The following is a quotation of the appropriate paragraphs of 35 U.S.C. 102 that form the basis for the rejections under this section made in this Office action:
A person shall be entitled to a patent unless –
(a)(1) the claimed invention was patented, described in a printed publication, or in public use, on sale, or otherwise available to the public before the effective filing date of the claimed invention.
(a)(2) the claimed invention was described in a patent issued under section 151, or in an application for patent published or deemed published under section 122(b), in which the patent or application, as the case may be, names another inventor and was effectively filed before the effective filing date of the claimed invention.
7. Claims 36 and 41-43 are rejected under 35 U.S.C. 102(a)(1) and/or (a)(2) as being anticipated by Kim et al., (WO 2020080854 published April 23, 2020 priority to 2019-10-17).

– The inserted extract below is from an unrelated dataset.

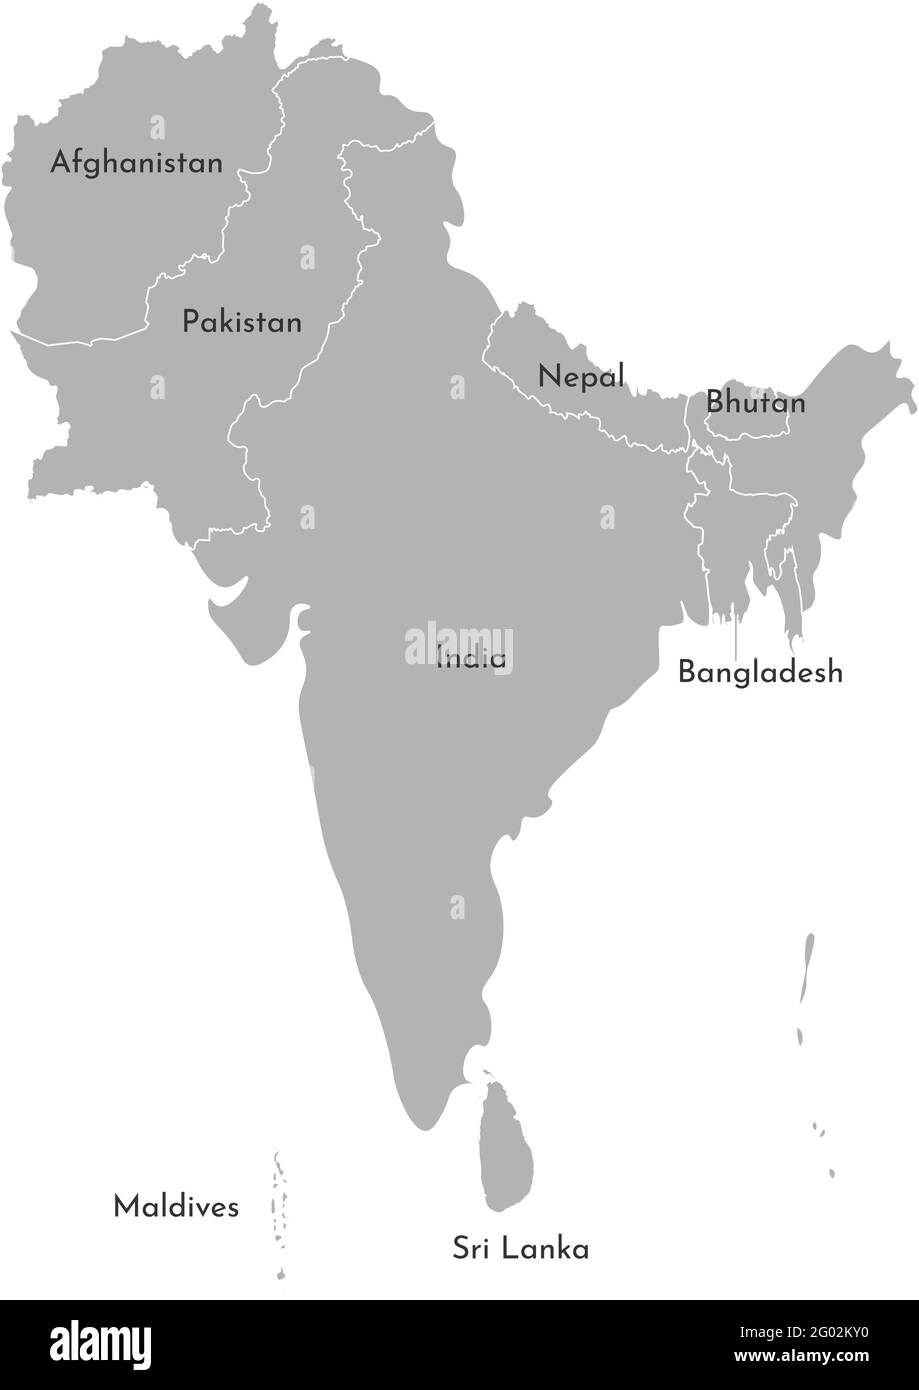 Carte vectorielle des pays asiatiques. Région du Sud. Etats frontières de l'Afghanistan, Pakistan, Inde, Maldives, Népal, Bhoutan, Banghladesh, Sri la Illustration de Vecteur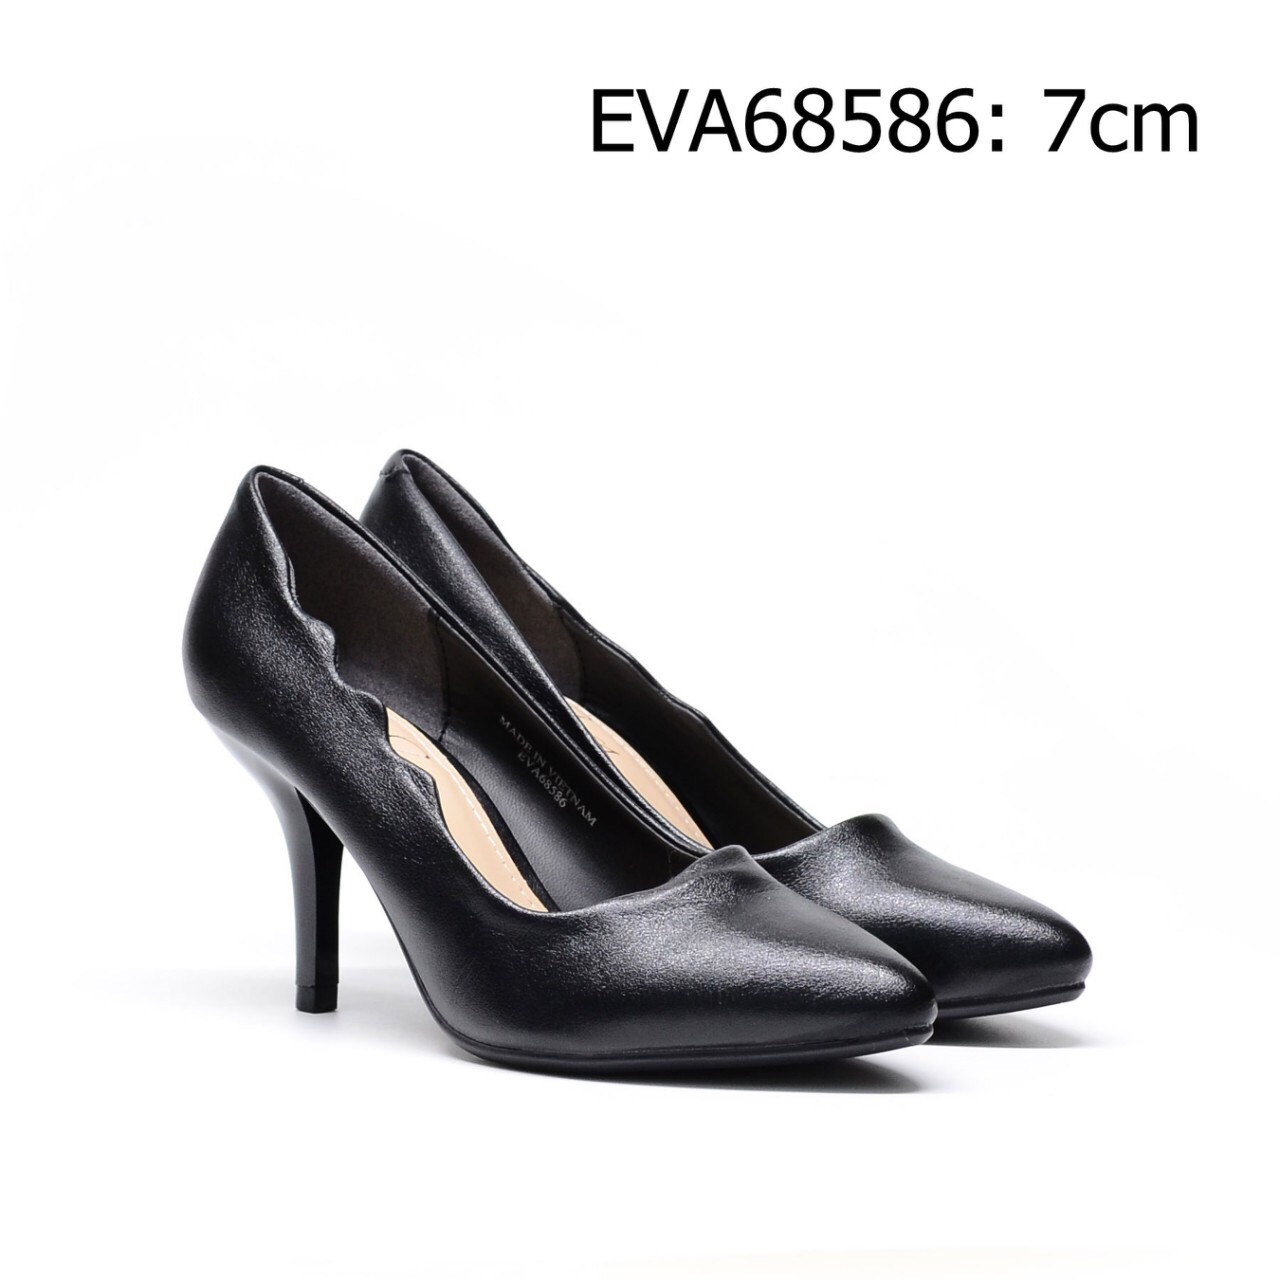 Giày cao gót EVA68586 thiết kế đơn giản đầy nữ tính, sang trọng

The claims are drawn to a method for the prevention and/or treatment of a condition selected from an immune-related disease and a cancer in a subject, the method comprising administering a helper T cell with an Lrig1 protein or a gene that encodes an Lrig1 protein to the subject as an active ingredient.
Kim et al., discovered Lrig-1 protein that is present specifically on the surface of regulatory T cells [para 20]. The Lrig-1 protein is a transmembrane protein consisting of 1091 amino acids present on the surface of regulatory T cells, and is composed of leucine-rich repeats (LRRs) and three immunoglobulin-like domains on the extracellular or lumen side, a cell transmembrane sequence, and a cytoplasmic tail portion. The LRIG gene family includes LRIG1, LRIG2, and LRIG3, and the amino acids therebetween are highly conserved. The LRIG1 gene is highly expressed in normal skin and can be expressed in basal and hair follicle cells to regulate proliferation of epithelial stem cells. Therefore, the LRIG1 gene plays an important role in maintaining homeostasis of the epidermis, and its absence may develop psoriasis or skin cancer [para 23]. The cell surface antigen of immune cells of Lrig1 (leucine-rich and immunoglobulin-like domains 1) [para 18]. The cell surface antigen of the present invention is a cell surface antigen of an activated immune cell that is comprised of the Lrig1 protein or the gene that encodes such protein [para 19]. The effector T cells of the present invention can be at least one of those selected from the group consisting of Th1, Th2, Th17 and Th22, but are not limited thereto [para 22]. In the cell therapy, the “cell therapy” herein refers to a living cell used in a treatment method that is directly injected into the patient wherein the contents related to immune cells and Lrig1 protein are administered [para 36-37].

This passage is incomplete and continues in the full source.